La ganache también contribuirá a mantener húmeda la torta, brindándole sabor y tersura. Aunque pudiera parecerte una receta demasiado dulce o empalagosa, es muy equilibrada en sabores, perfumes y texturas: el azúcar integral (que endulza menos que su versión refinada) aporta su característico perfume acaramelado y humedad, la leche de coco y el chocolate semiamargo se equilibran muy bien entre sí, y el verdadero aporte de sabor dulce lo realiza el puré de batatas con todas sus vitaminas.





Cada bocado sabe a paraíso por su cremosidad, sabor delicado y textura aterciopelada.

Es ideal como cierre de una comida informal con amigos o para compartir un rico té con amigas (que te pedirán la receta sin dudarlo). Una torta distinta, sin harinas, apta para celíacos, con ingredientes comunes y sabores muy delicados.

Espero que la prueben y la disfruten. Por su humedad, es una preparación que dura sin inconvenientes unos cuantos días; sin embargo, no van a tener que preocuparse mucho por ello, ya que todos pedirán porción doble (se los aseguro).

Nos reencontramos la semana próxima. Disfruten mucho... y ¡Bon appétit!


jueves, 23 de mayo de 2013

Torta de miel ucraniana (Para festejar los más de 100 amigos del blog y los más de 200 seguidores en Google+) y... ¡Nuevo premio!
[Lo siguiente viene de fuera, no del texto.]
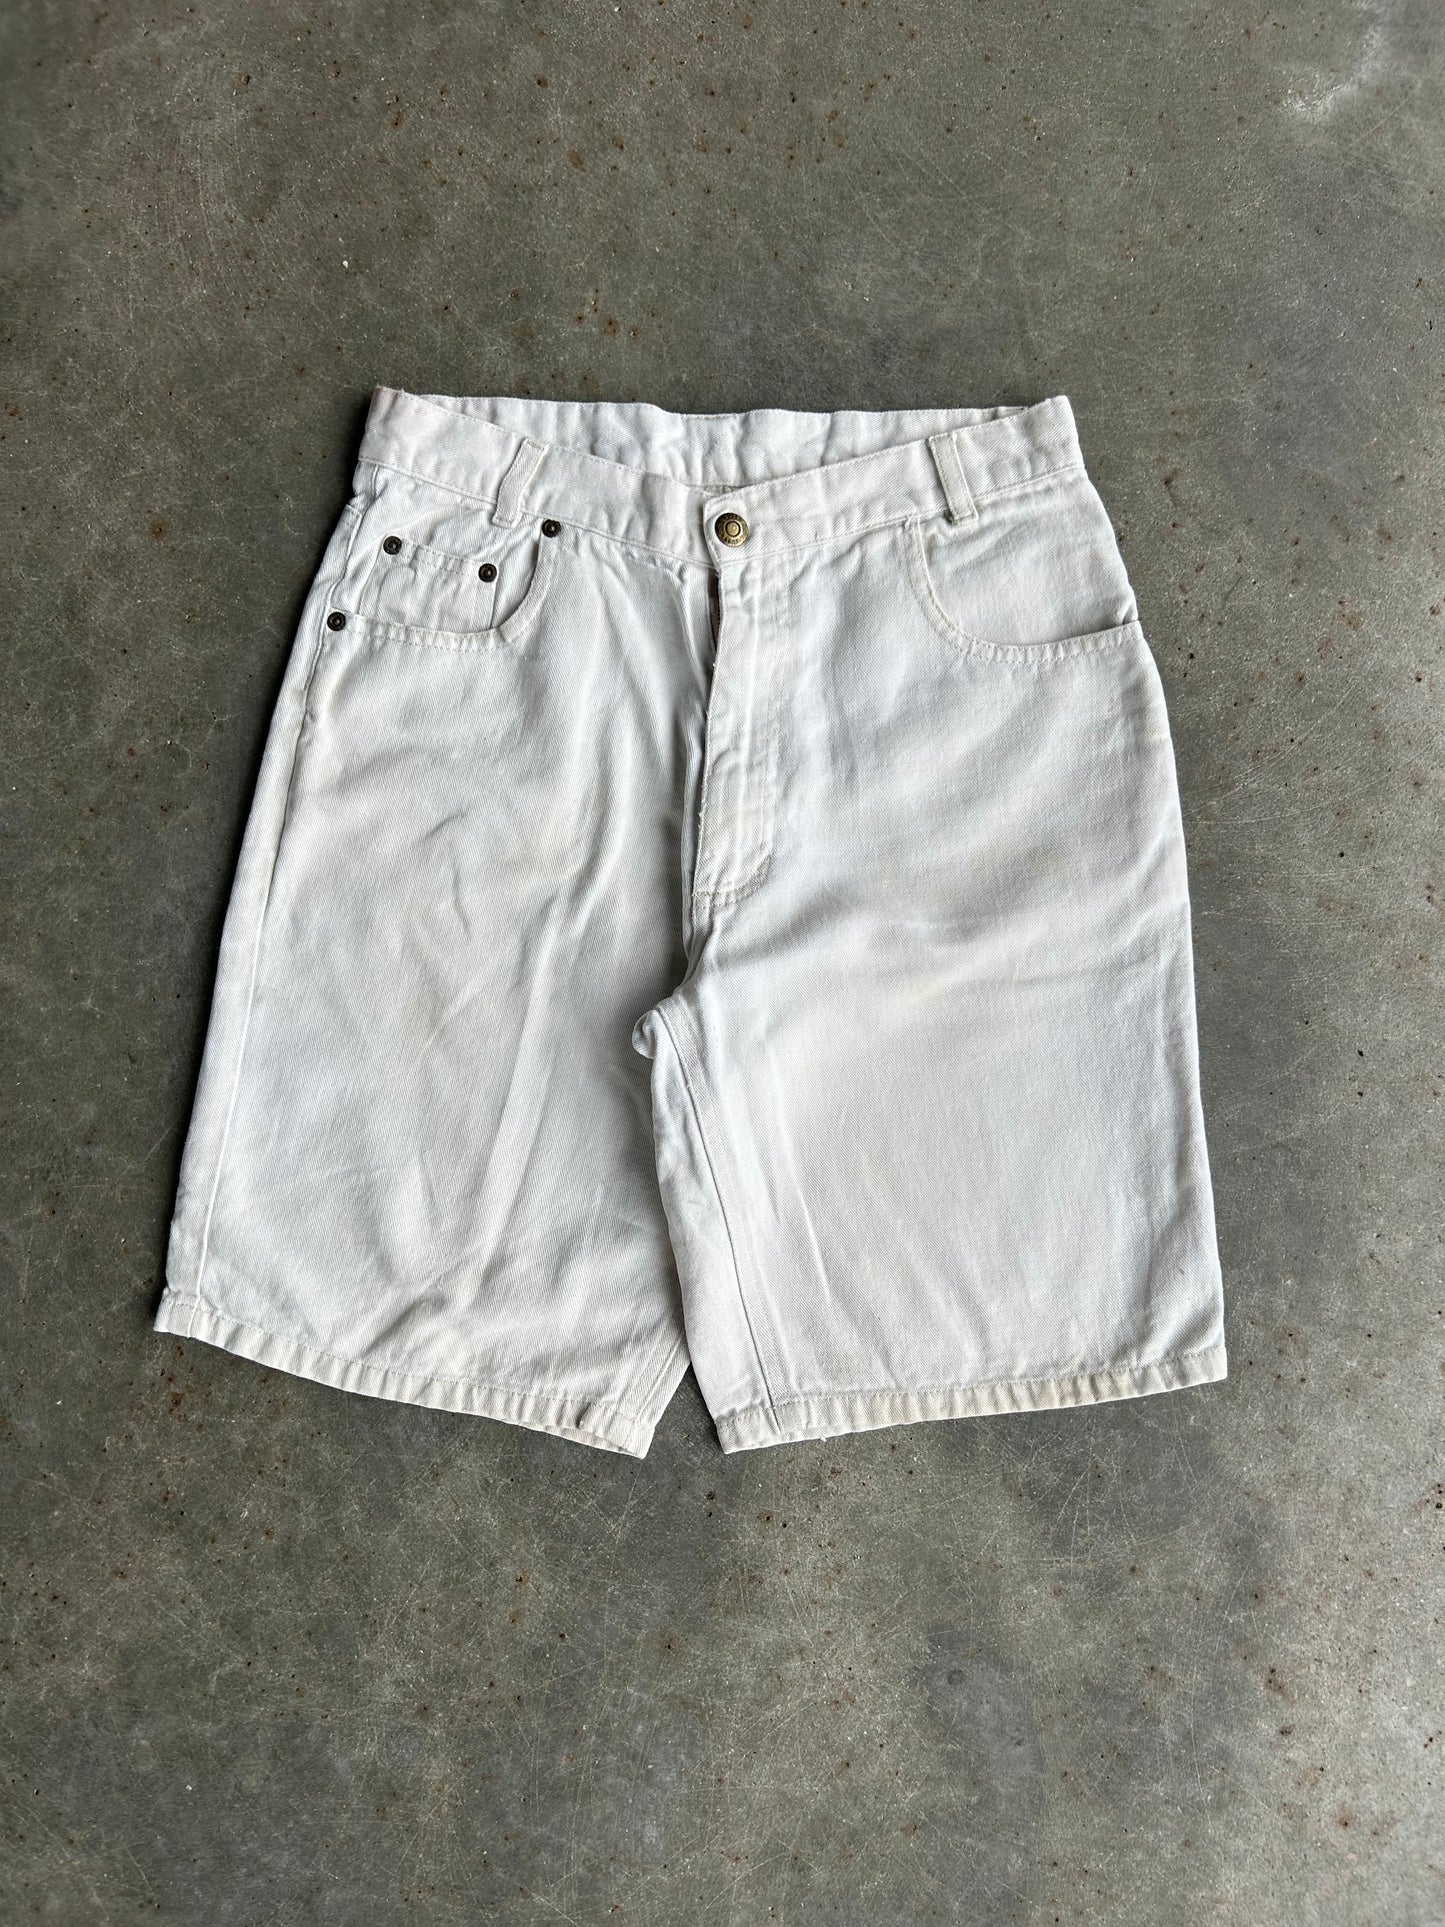 Vintage Bugleboy Shorts - 29

Lo bueno de formar parte de una familia multicultural es la posibilidad de conocer y disfrutar de variadas costumbres, festividades, maneras de celebrar esas fiestas, idiomas y modos o formas de ser (y de ver la vida). También me permitió desde pequeña disfrutar de culturas muy distintas que contribuyeron inmensamente a modelarme como la persona que soy hoy en día.

Una partecita de mi familia es rusa (así, generalizando) porque nacieron en la U.R.S.S. (Unión de Repúblicas Socialistas Soviéticas), pero si hilamos muy fino terminamos descubriendo que hay dos ucranianos y una bielorrusa... Es por ello que esta torta típica ucraniana que - como toda torta típica tiene varias versiones por eso de que, según en que región se prepare, llevará los productos más comunes de allí: algunas recetas emplean manteca, otras aceite - es llamada de una manera por unos o por otros, según quien la elabore: Medivnik para los ucranios y Medovy para los rusos. Torta de miel, en fin...

Esta sencilla, pero sabrosa preparación (con poca pompa, pero muuucho sabor) me pareció digna del festejo de los más de 100 seguidores del blog y los más de 200 seguidores en Google+. Sí, ya sé que para muchos de ustedes esa cifra es mínima, pero para esta humilde y trabajadora servidora es motivo suficiente para festejar.





La torta de miel clásica ucraniana (Medivnik) es una torta que se realiza con mucha rapidez, de técnica sencilla y rústica como las tradicionales preparaciones campesinas que representan la gastronomía más típica de un país. Sin embargo, una vez lista, apela a nuestro sentido de la paciencia. Claro, con inviernos crudos, de nevadas interminables, días demasiados cortos, escasez de combustible y penurias varias, lo que sobra es paciencia para esperar que la torta madure, se estacione y nos ofrezca su mejor perfil.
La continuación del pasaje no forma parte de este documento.